**DATASET EXCERPT**

+++

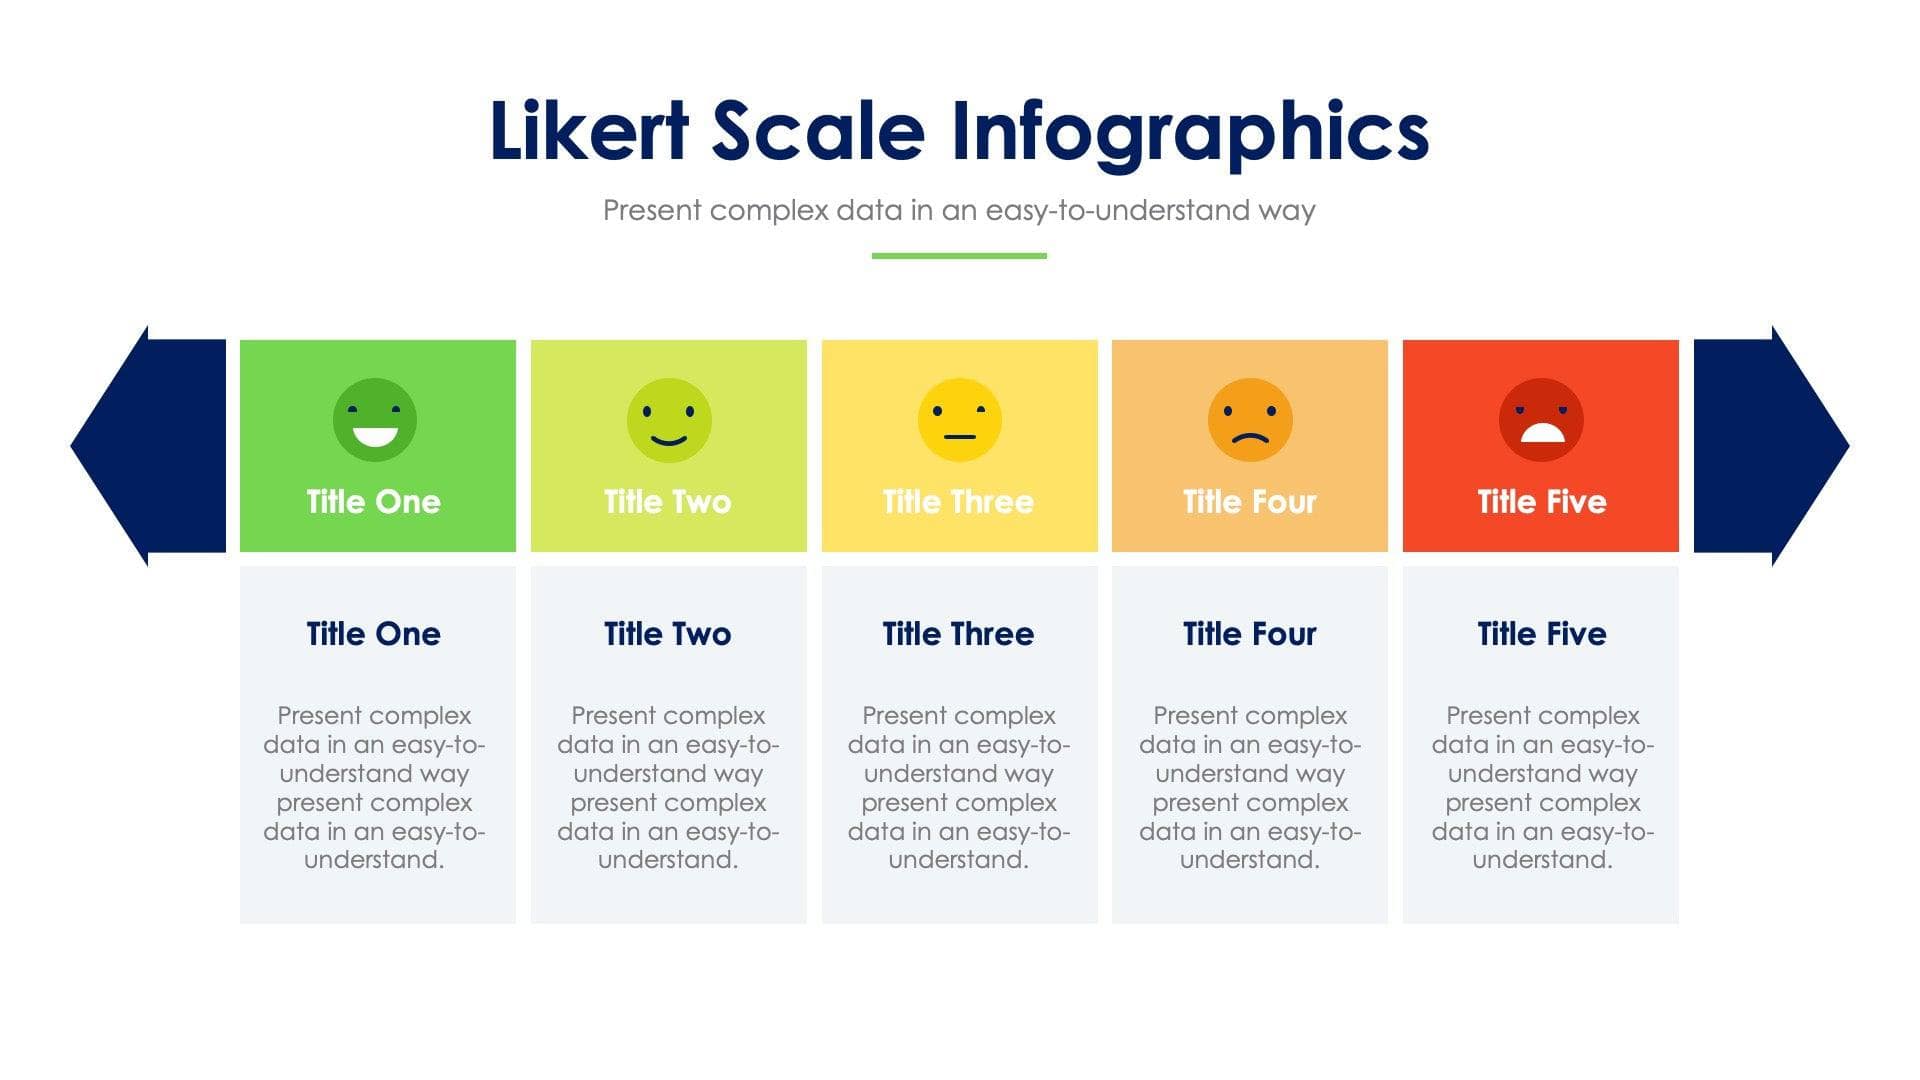 What Is a Likert Scale?
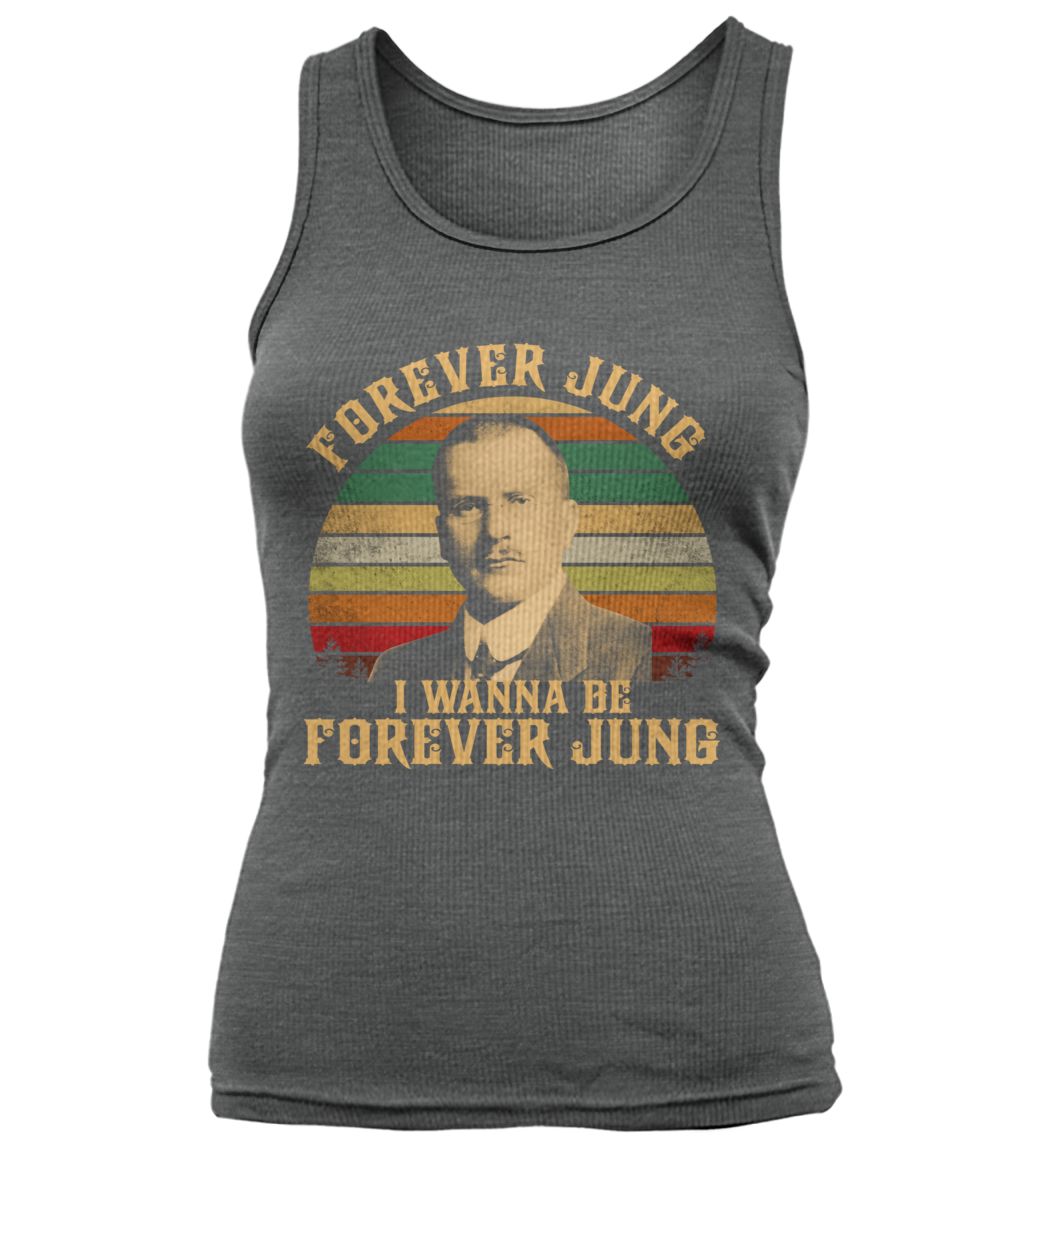 Vintage forever jung I wanna be forever jung women's tank top
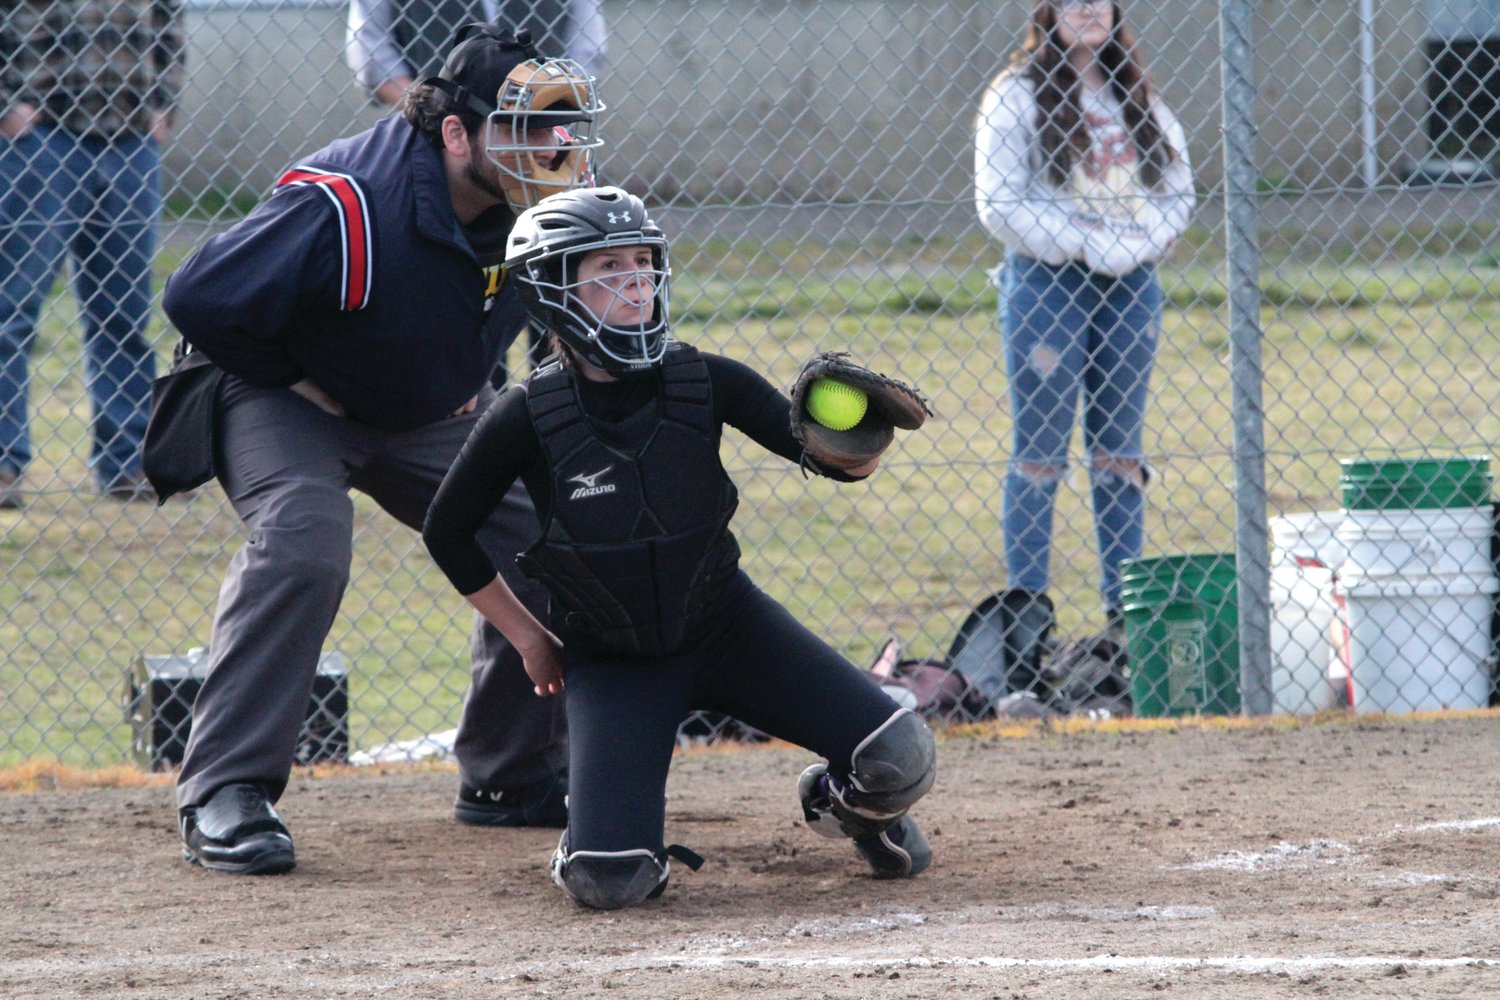 Stormie Elkins keeps an eye on the runner at first base during Quilcene’s fastpitch softball game last week against Darrington. Leader photo by Brian Kelly
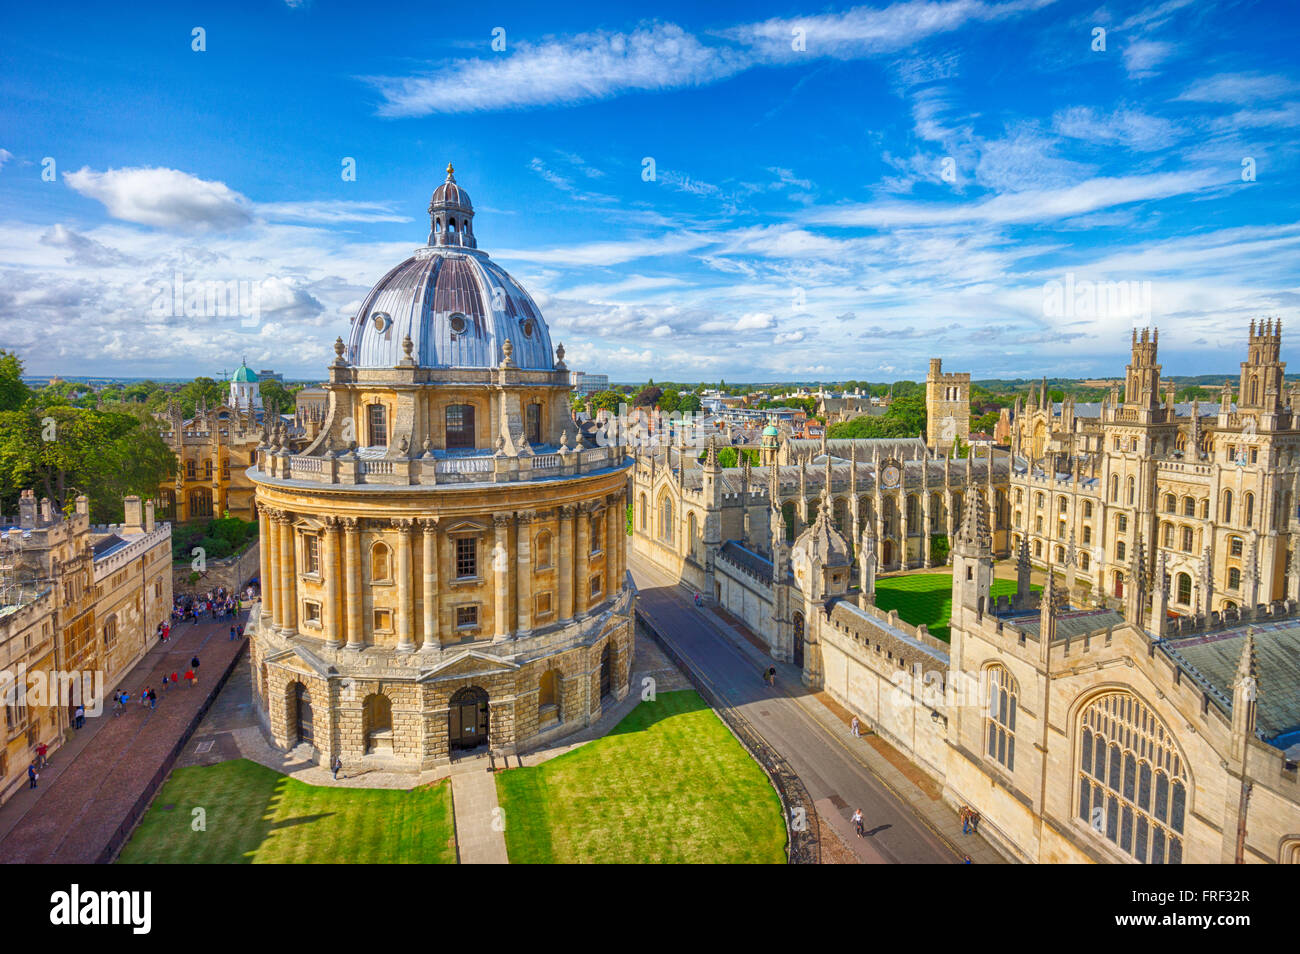 The Bodleian Library, Radcliffe Camera building completed in 1747, viewed from the University church tower. Stock Photo

+++

**WORK TO BE COMPLETED**
Restate word for word the lines from the one containing "Stormie Elkins keeps" through the end of the material above, both included, and nothing besides; drop the pictures.

**FINISHED TASK**
 Stormie Elkins keeps an eye on the runner at first base during Quilcene’s fastpitch softball game last week against Darrington. Leader photo by Brian Kelly
 The Bodleian Library, Radcliffe Camera building completed in 1747, viewed from the University church tower. Stock Photo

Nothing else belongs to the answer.